Но огонек все приближался, теперь они не сомневались, что это был свет от фар машины, точнее, бензовоза. Они выползли из своих нор и, опираясь друг другу на плечо, чуть слышно повторяли: «Мы спасены», «Мы спасены».  Когда водитель бензовоза увидел перед собой два ночных «приведения», он насторожился и трусливо проскочил мимо. «Приведения» из последних сил кричали, махали руками и, совсем обессилев, упали наземь, а бензовоз все удалялся. Но уже через сотню метров он все же притормозил, и водитель, не выключив мотор, покинул кабину и двинулся в сторону «приведений». Приблизившись к ним,  понял, что могло бы случиться, если бы он не остановился. Он тут же подогнал машину, с полчаса давал им по глоточку воды, а когда «приведения» пришли в себя,  он помог им взобраться на «крышу» бензовоза, усадив их возле люка (в кабине сидел отец водителя, которого  он вез в  больницу), и они двинулись в путь. В сорока километрах они отыскали грузовик, заправили бензином и уже на двух машинах добрались до Кармакчинского районного центра ; Жусалы.
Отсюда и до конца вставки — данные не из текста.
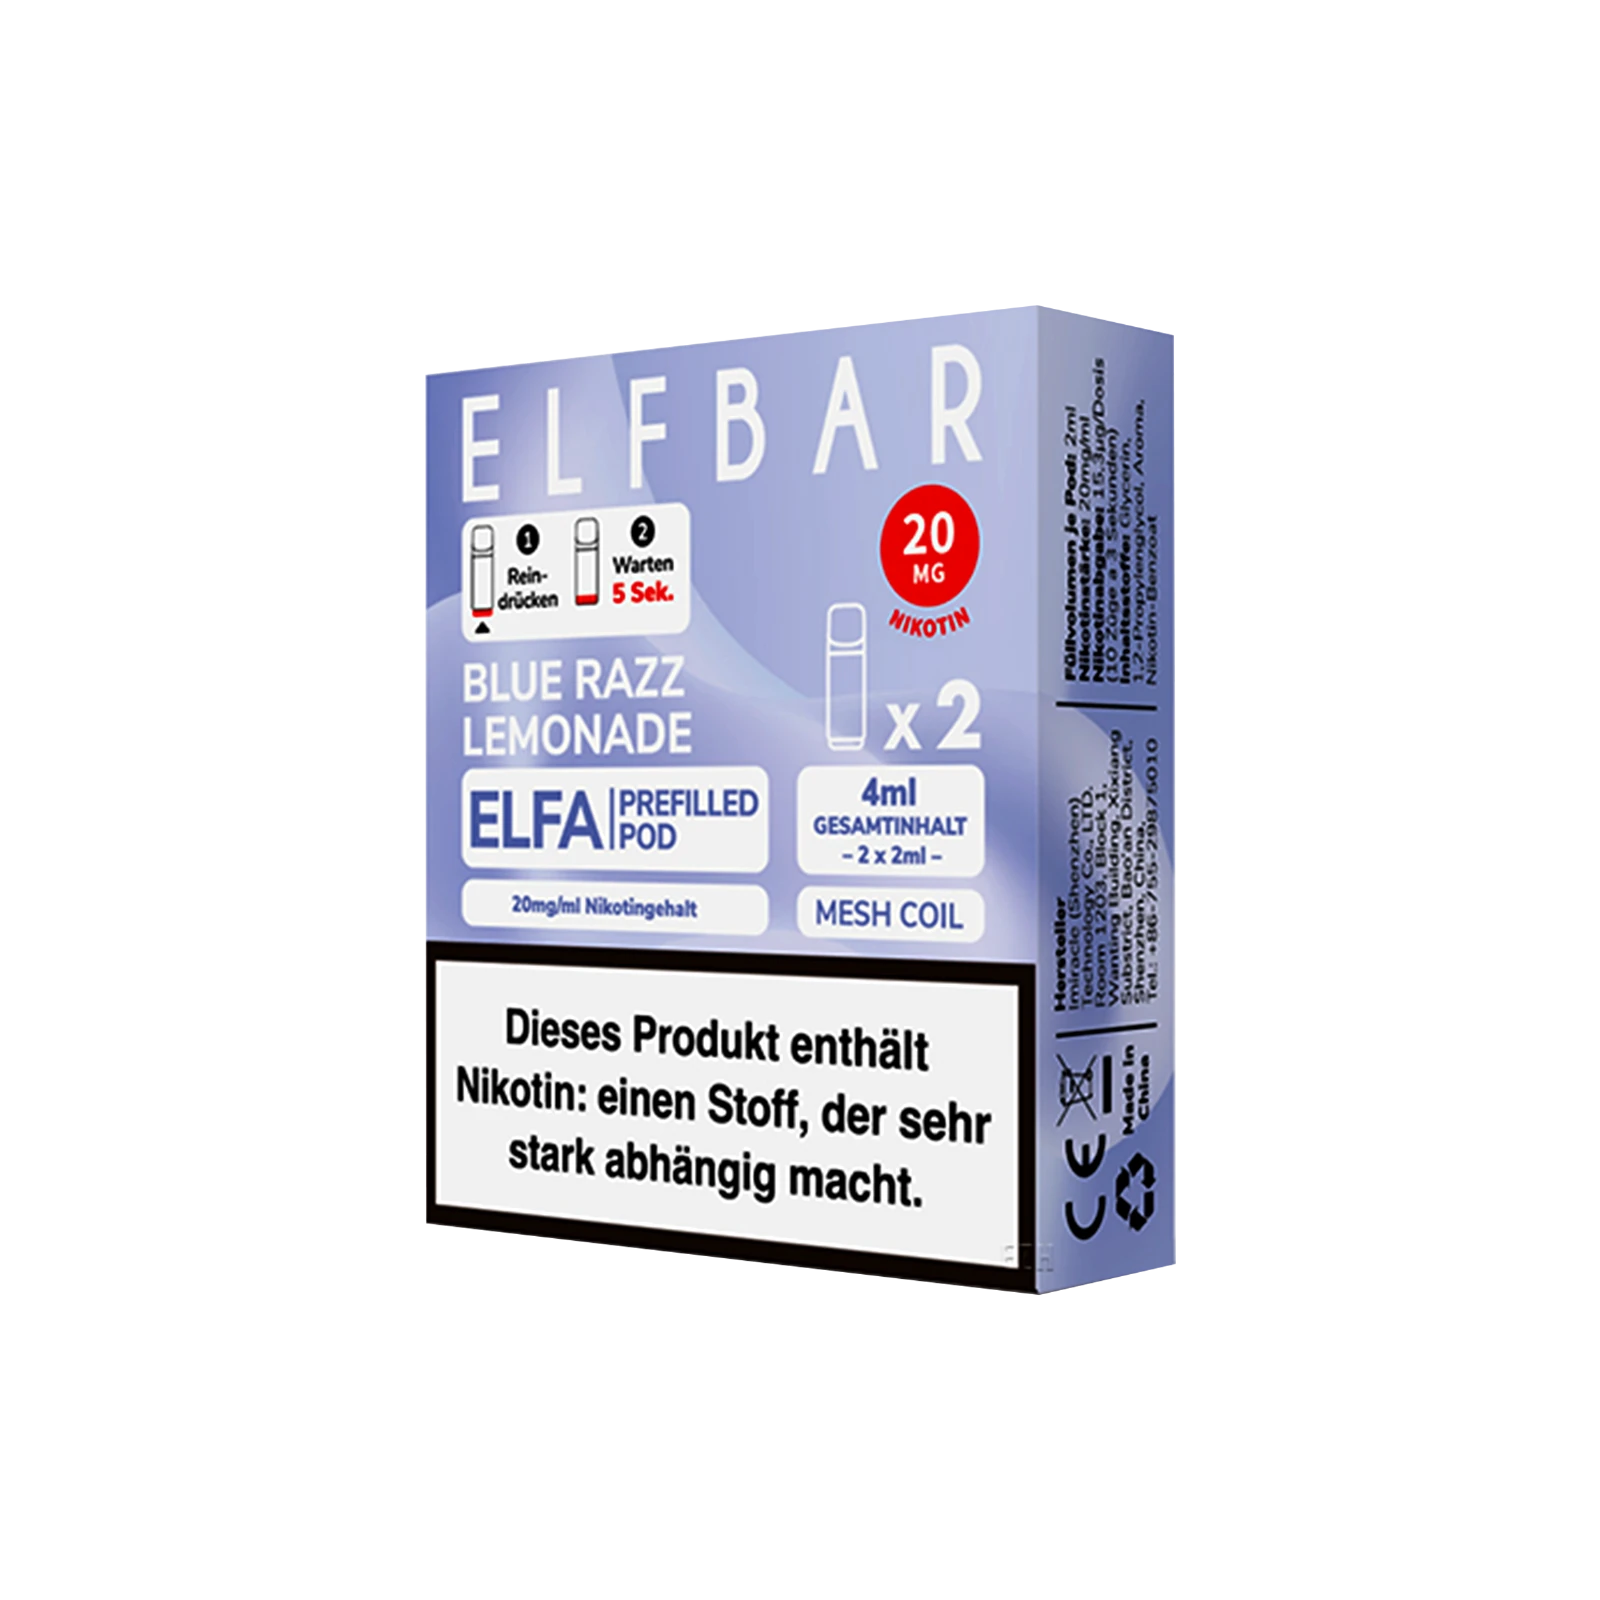 Elf Bar ELFA CP Prefilled Pod Blue Razz Lemonade | Neue Liquid Sorten

Нам с Туреке  тогда как-то сразу понравился этот худощавый и так располагавший к себе молодой инженер. Он был на удивление спокойным, даже умиротворенным, что так естественно гармонировало с его добродушным ангельским взглядом, тихим  голосом, чудной  улыбкой и заразительным смехом. Глядя на него, я видел себя: в неизвестный мне город Кзыл-Орду я тоже прибыл после окончания алма-атинского мединститута, работал в городской больнице, и нет-нет да отправлялся по работе в аулы и районы области. Мне, да и Туреке, тоже бывало грустно, что увлеченные работой, мы почти не видели, как растут наши дети.
Арон вскоре переехал в Джамбул, а мы с Туреке стали работать в Чимкенте. Бывало, мы навещали Джамбул, а точнее нашего общего друга Марса Фазыловича Уркумбаева, который в то время был ректором известного на всю страну гидромелиоративного института. Однажды, случайно, обнаружили там и где-то затерявшегося Арона Гитмана. То-то было радости. Нам с Туреке было очень приятно снова встретиться с ним. Арон по-прежнему был предан своей работе, занимаясь «всеобщей электрификацией» нашей страны. На этот раз мы, распивая чай по-казахски, почему-то больше говорили о нашем военном детстве. Помню, как мы с Туреке молча, буквально затаив дыхание, слушали рассказ Арона…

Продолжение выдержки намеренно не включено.